Let's prove this. Draw a circle on a tracing paper with center O and draw a chord AB. Fold the paper along a line through O so that a portion of the chord falls on the other. Let the crease cut AB at the point M. Then, ∠ OMA = ∠ OMB = 90° or OM is perpendicular to AB. You will observe that the point B coincide with A. Thus, MA = MB.

Also,

In the right triangles OMA and OMB

                           OA = OB         (Radii of a circle)

                          OM = OM         (common)

                    ∠ OMA = ∠ OMB          (90°)
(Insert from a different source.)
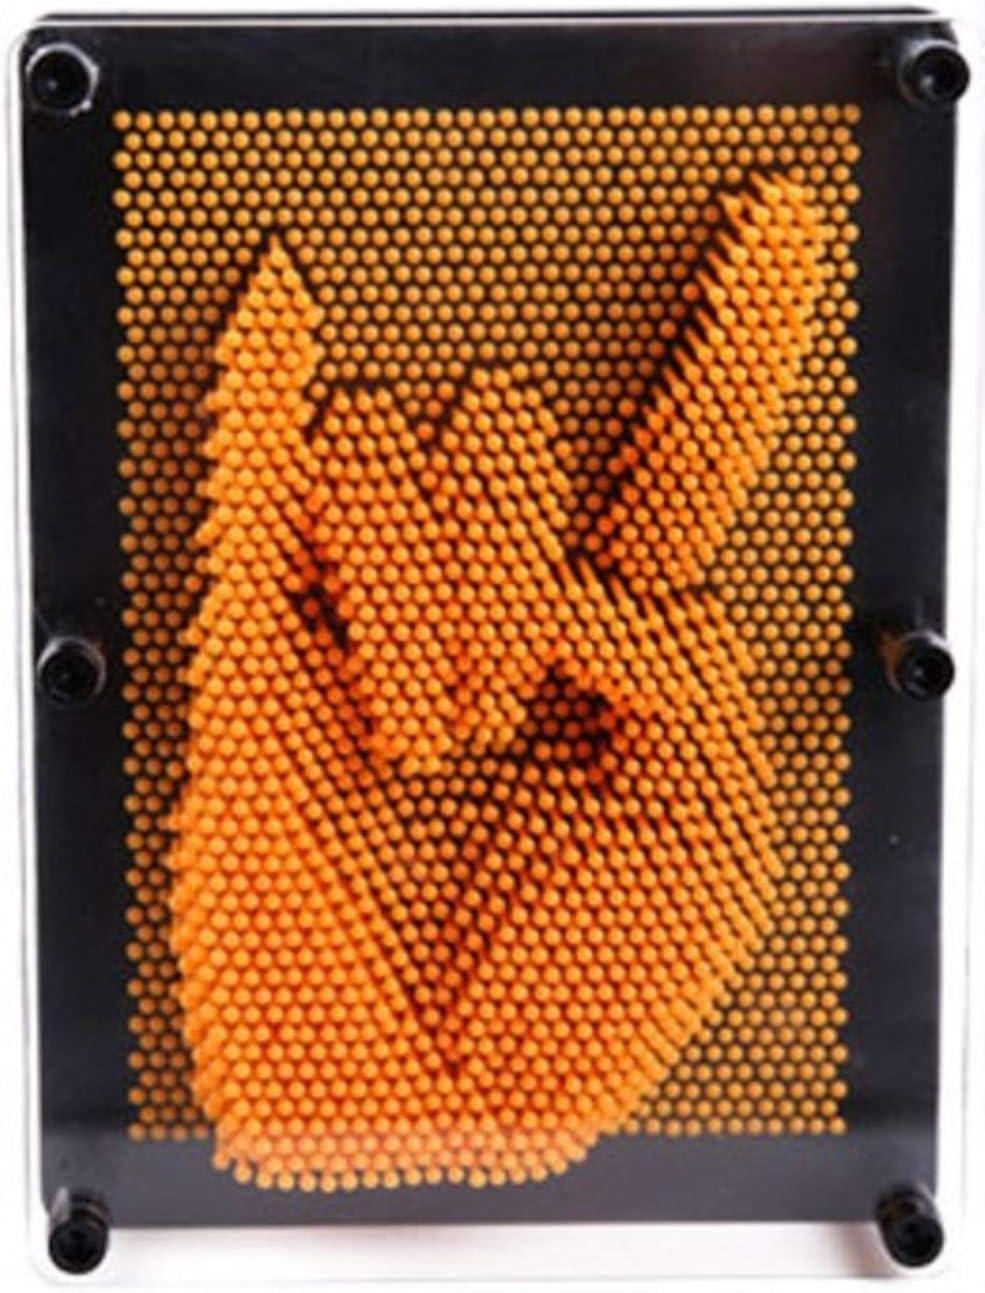 Pin Art 3D Escultura DIY Aguja Talla Mágica Estatuilla Molde Escritorio Juguete Decoración Hogar Maison Habitación Decorativa Adorno Decoración para el hogar, Naranja, XL: Amazon.es: Hogar
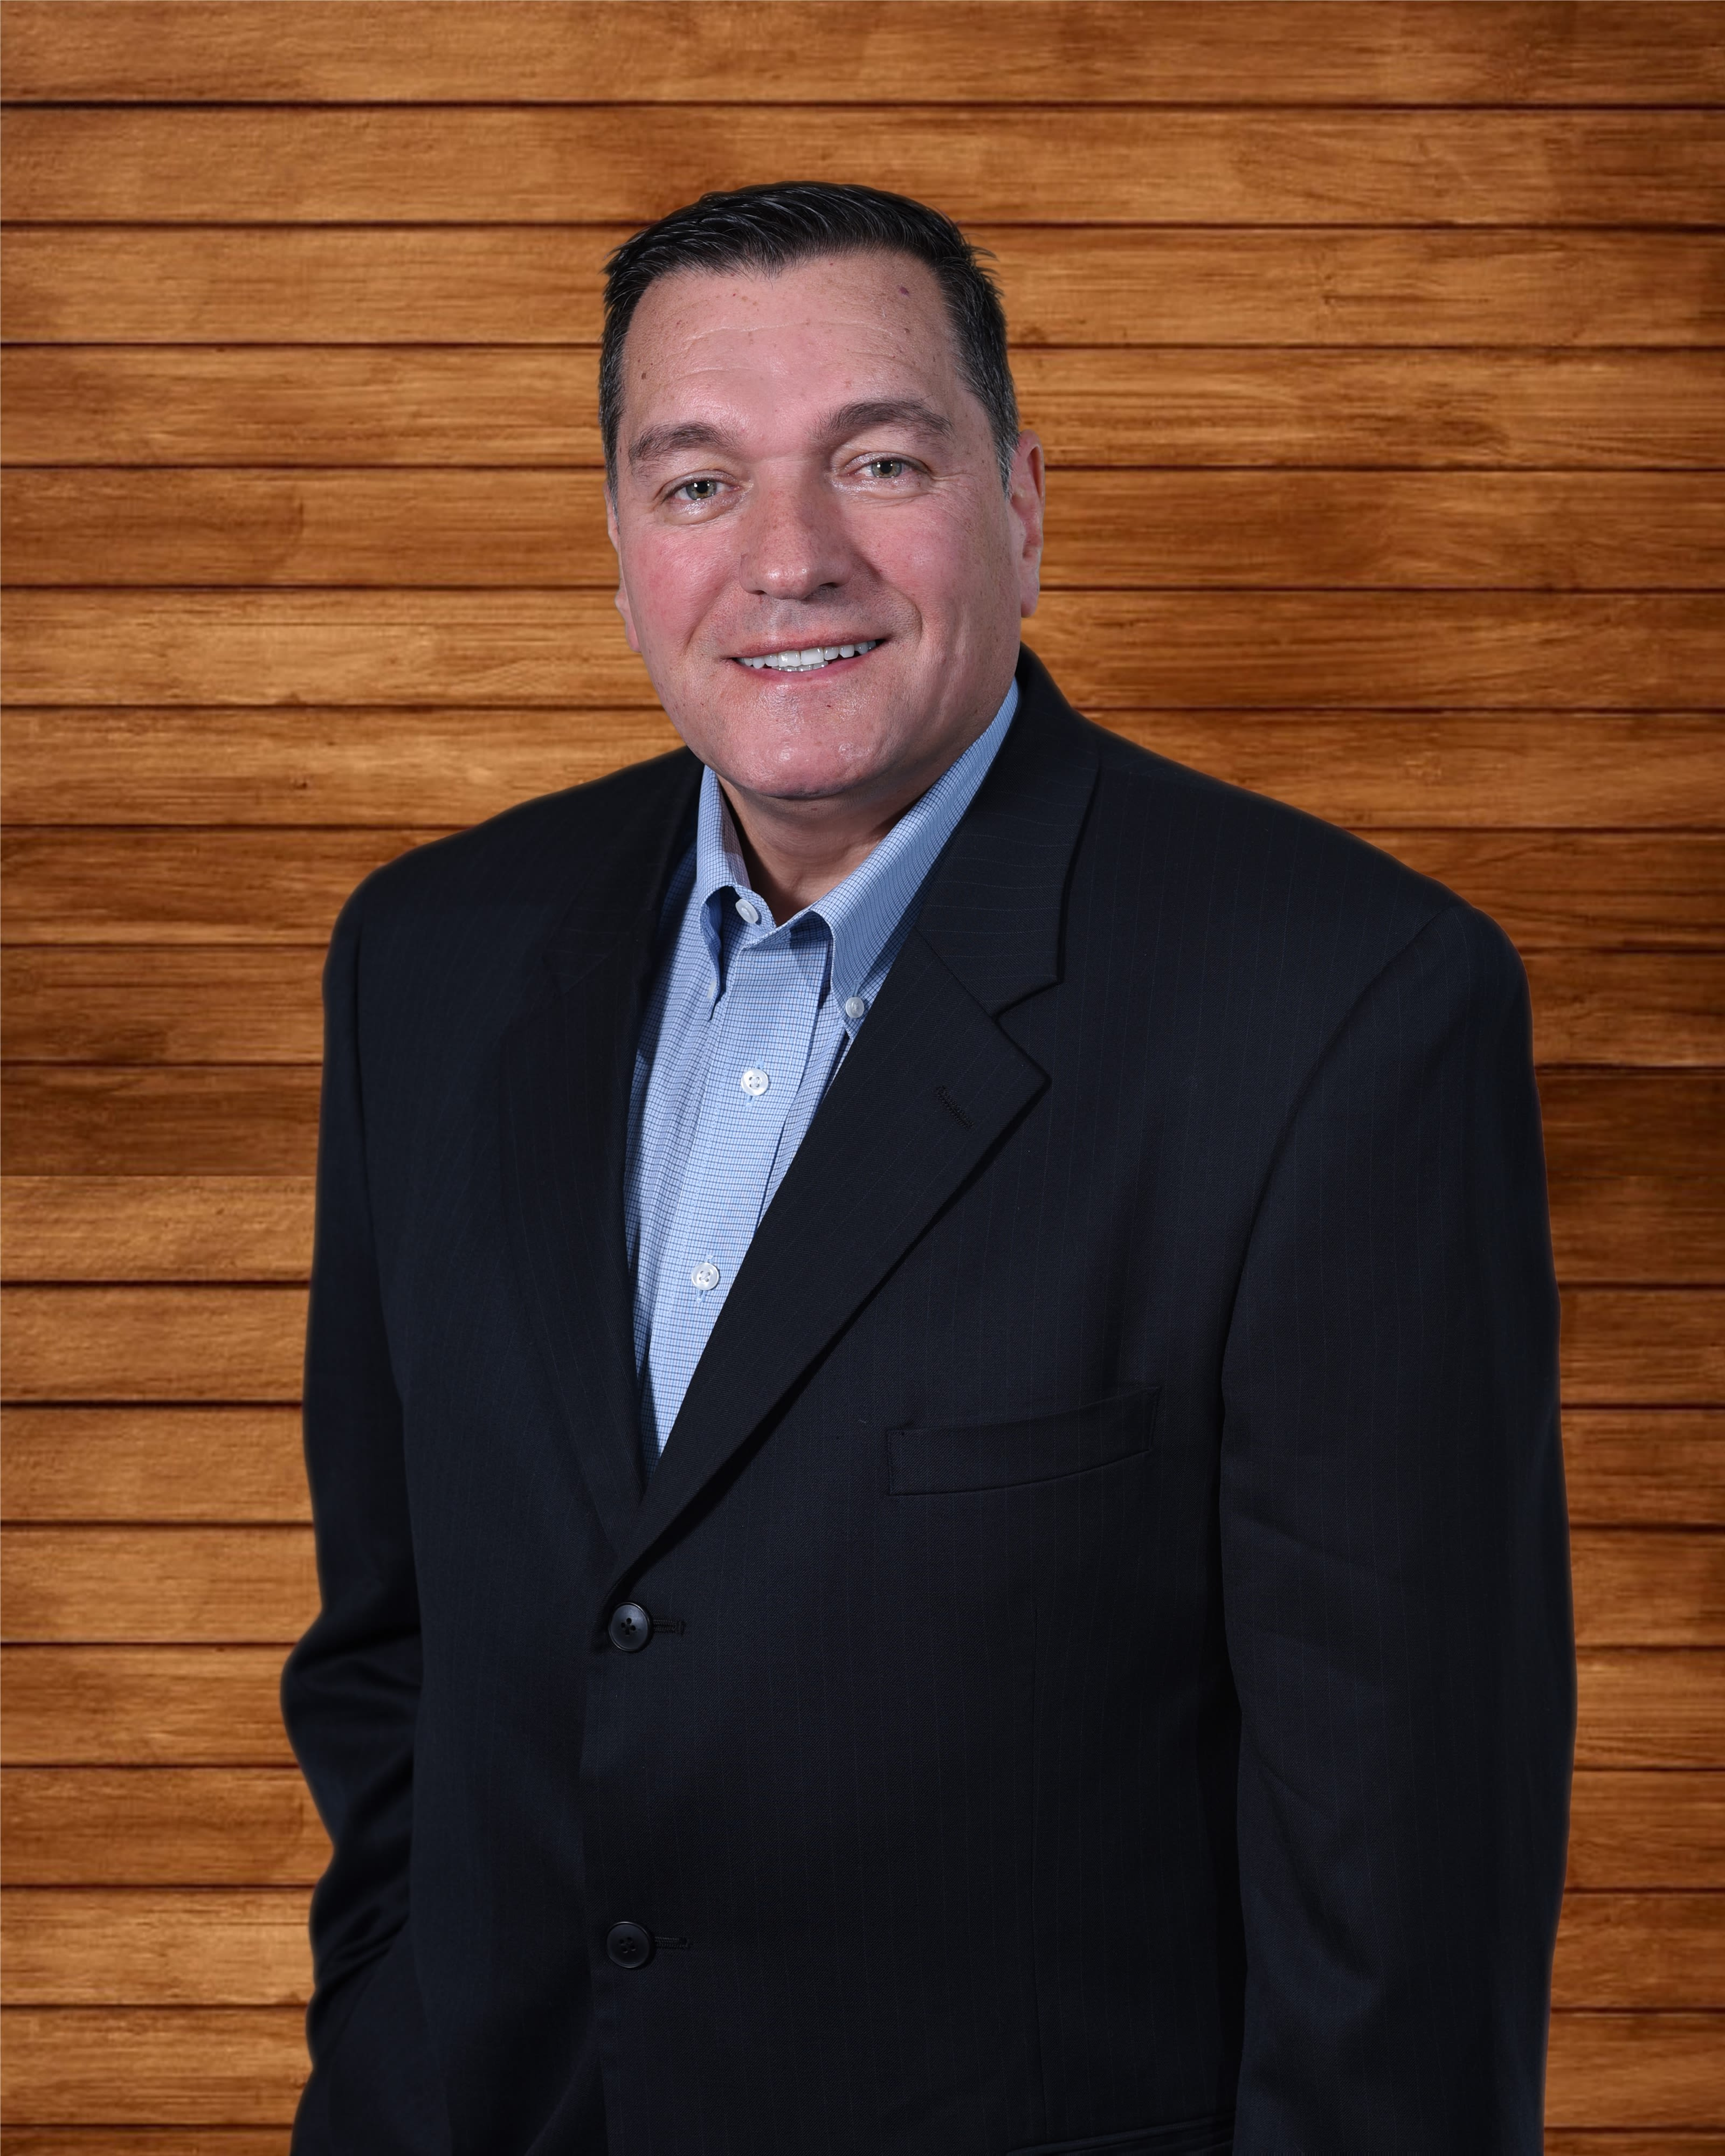 George Draghiceanu, Executive Vice President at Elegance Living, LLC

Therefore,   ∆ AOB ≅ ∆ COD    ([by RHS-congruence)

Hence,             MA = MB

Converse of the above theorem

Theorem 4 : The line drawn through the centre of a circle to bisect a chord is perpendicular to the chord.

M is the midpoint of the chord AB of a circle C(O,r)

In the triangles OMA and OMB

                           OA = OB         (Radii of a circle)

                          OM = OM         (common)

                          MA = MB          (given)

Therefore,   ∆ AOB ≅ ∆ COD    ([by SSS congruence rule)

This gives  ∠ OMA = ∠ OMB     (Corresponding parts of congruent triangles)

But,        ∠ OMA + ∠ OMB = 180°         (Linear Pair angle)

Therefore, ∠ OMA = ∠ OMB = 90°

Hence, OM ⊥ AB.